After Rice broadcast some of these opinions in a 30-minute interview on a Moscow radio talk-show, a not exactly random sample of listeners may have thought they heard an old echo. Asked to vote on whether the US is now an adversary or ally of Russia, the vote was a narrow one – 46 percent to 54 percent. You might say that Russians are still having difficulty detecting the difference between the old Germans, and the new.

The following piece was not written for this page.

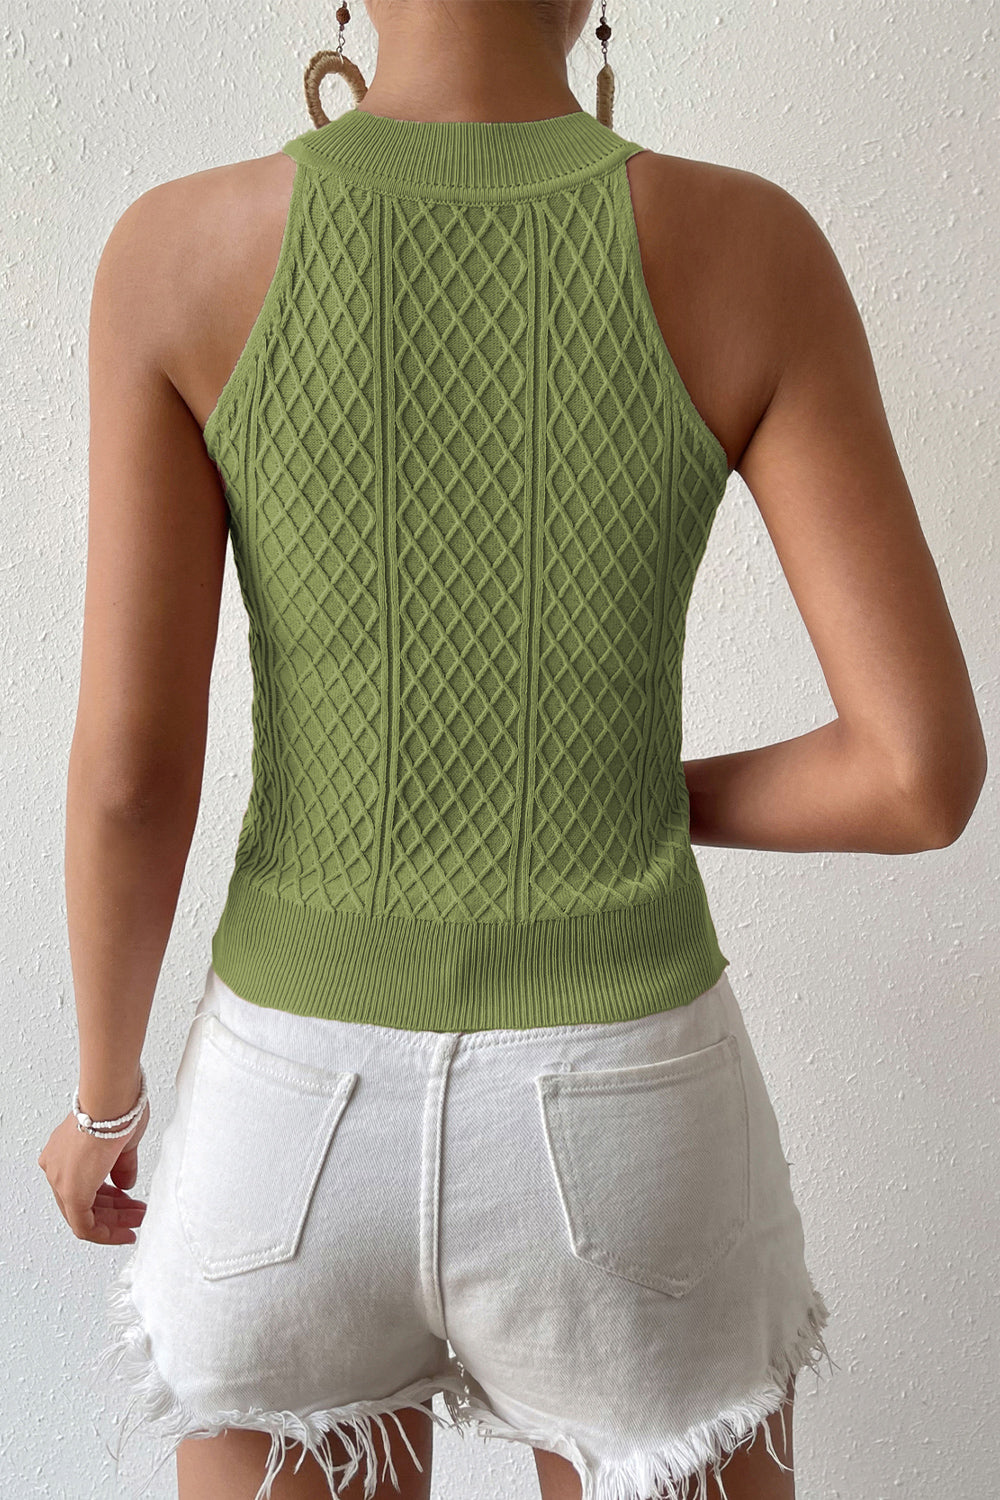 Round Neck Sleeveless Knit Top - Tops & Tees - Shirts & Tops - 15 - 2024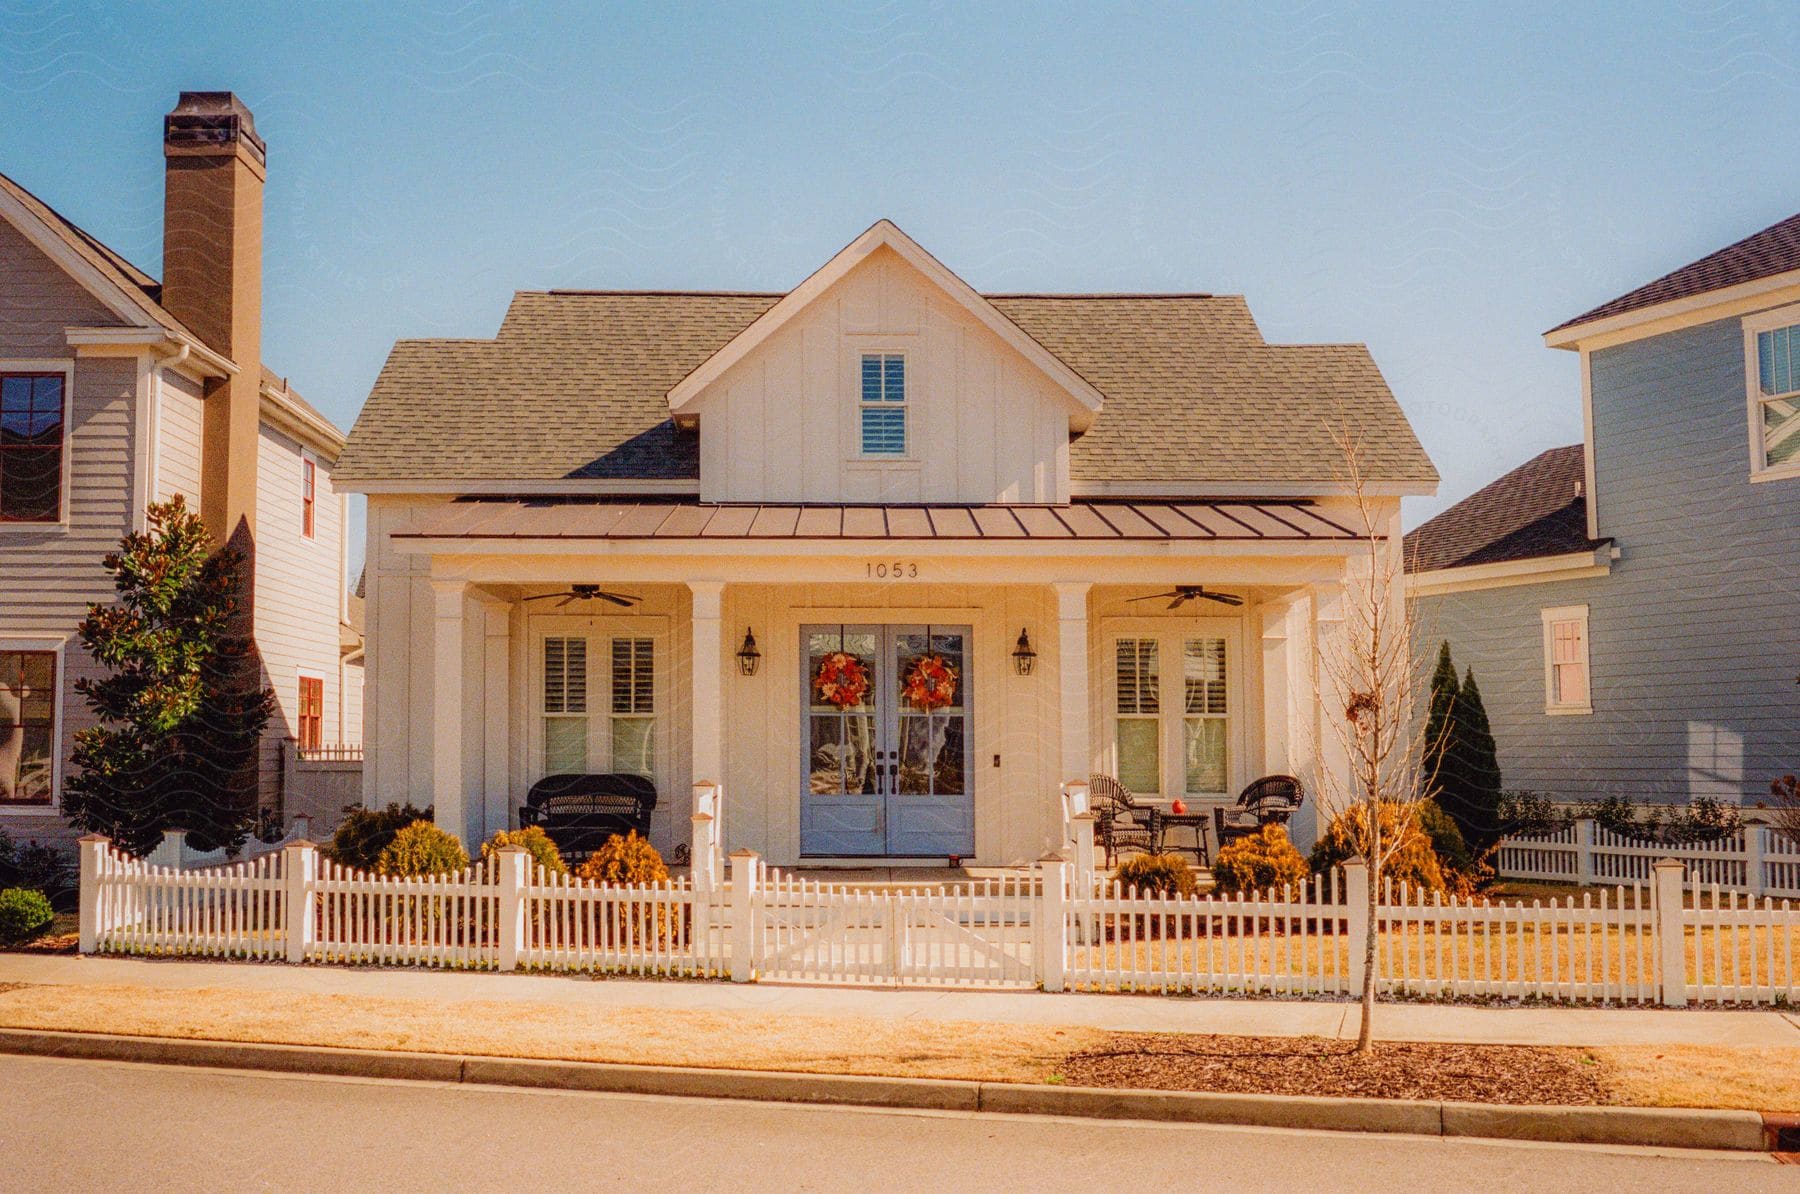 A house with white picket fence and a front porch with wreaths hanging on the double front door

As for the American media, they have used the occasion of the Victory Day ceremony in Moscow, to reverse Milligan’s warning, and editorialize on the likeness they detect between Putin and Josef Stalin. Putin tried hard to make his own distinction. “It goes without saying,” Putin told the German press, “that Stalin was a tyrant, whom many call a criminal, but he was not a Nazi. “And they were not Soviet troops that crossed the German border on June 22, 1941, it was the other way around. ”

Curiously, it has not been the Germans, but the Americans, who were the only ones promoting acrimony and rancour during the Moscow ceremonies. But when Milligan first issued his nationality warning, he was very clear what he was warning about – nationalities who can’t take a joke about their nationality.